Las Vegas Sun

April 25, 2024

Break on Through

The Rolling Stones without Mick Jagger?

Not possible.

Led Zeppelin minus Robert Plant?

No way.

And the Jimi Hendrix Experience sans Jimi Hendrix?

Try again.

The Doors without Jim Morrison?

Out of the question, right?

Wrong.

Sunday night, more than 31 years after the death of their legendary lead singer and chief songwriter, the Doors will indeed begin anew, at a sold-out 8 p.m. concert at Rain in the Desert at the Palms.

Along with Morrison, the band will be without original drummer John Densmore, who suffers from severe ear damage. Yet remaining founding members Ray Manzarek and Robbie Krieger are soldiering forward, with Cult singer Ian Astbury and one-time Police drummer Stewart Copeland in tow.
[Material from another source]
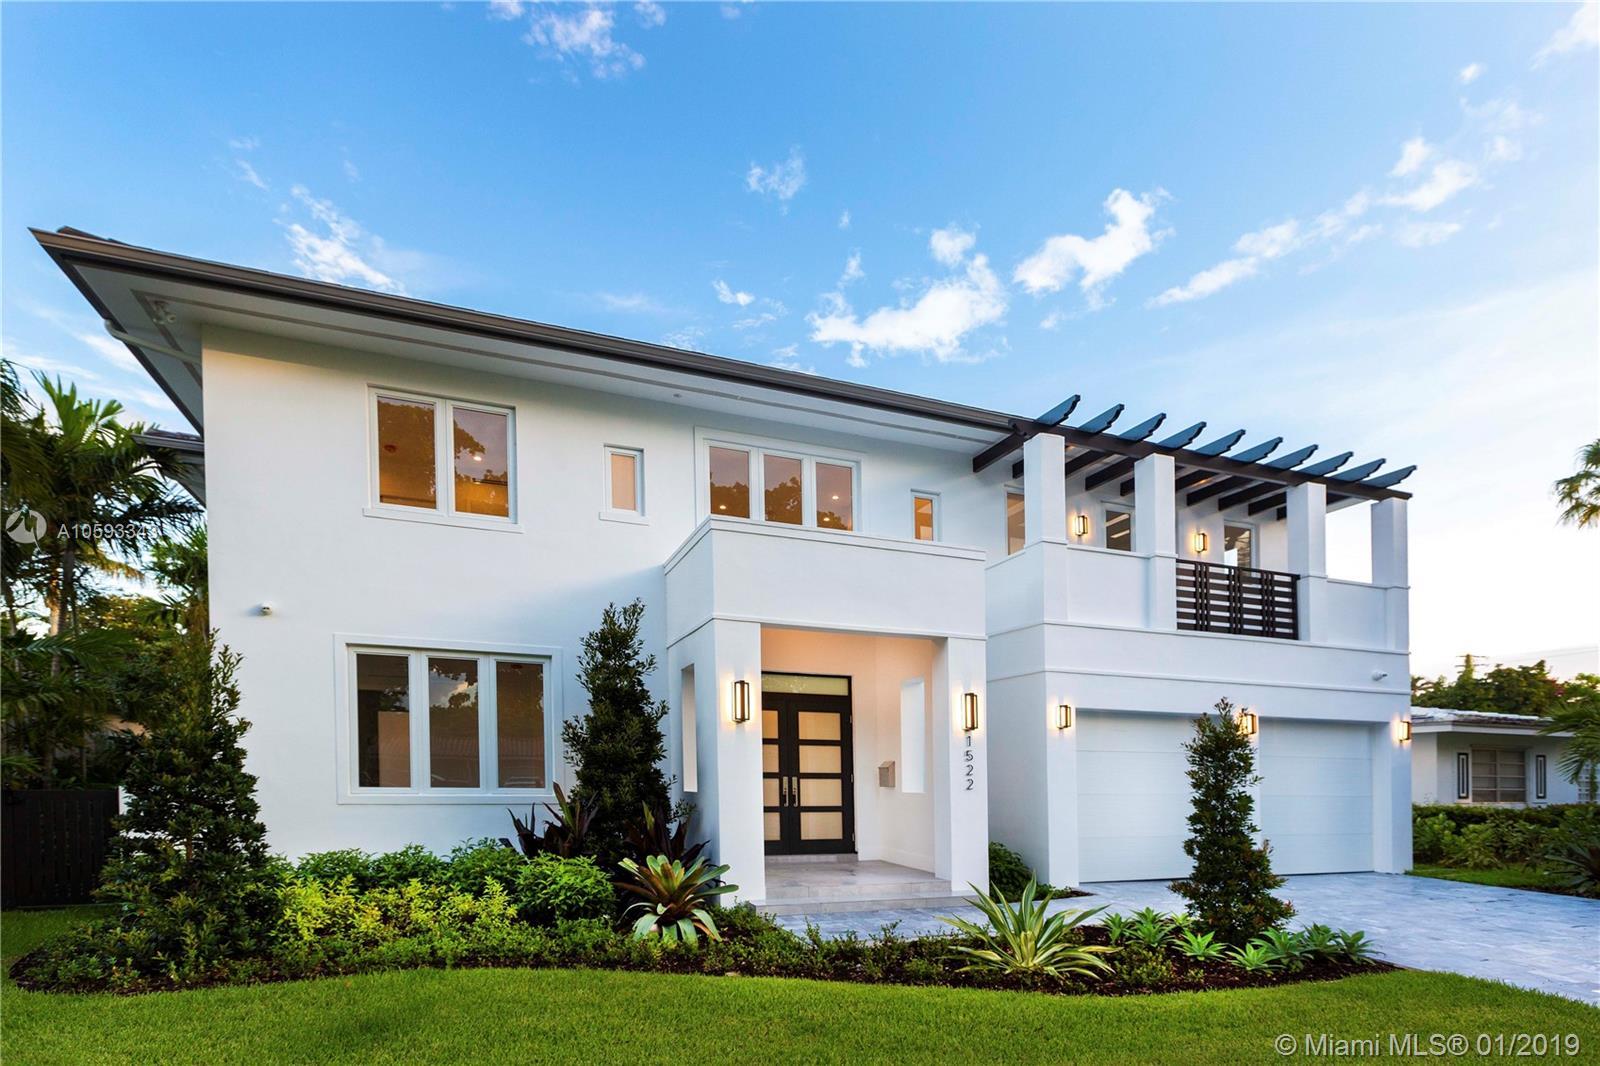 1522 Urbino Ave, Coral Gables, FL 33146

And Manzarek, for one, isn't concerned with the backlash certain to ensue when the Doors kick off their 2003 tour on Sunday.

"The band that you're going to see in Las Vegas is the Doors retooled for the 21st century," the 63-year-old keyboardist said in a phone interview from his Los Angeles home. "And you know, if the critics like it, God bless 'em. And if they don't like it ... what can I say?

"Jim Morrison is dead. If you want to hear Ray Manzarek and Robbie Krieger play Light My Fire' and all those other Doors hits with Stewart Copeland and Ian Astbury, come out to the show. We guarantee you a good time."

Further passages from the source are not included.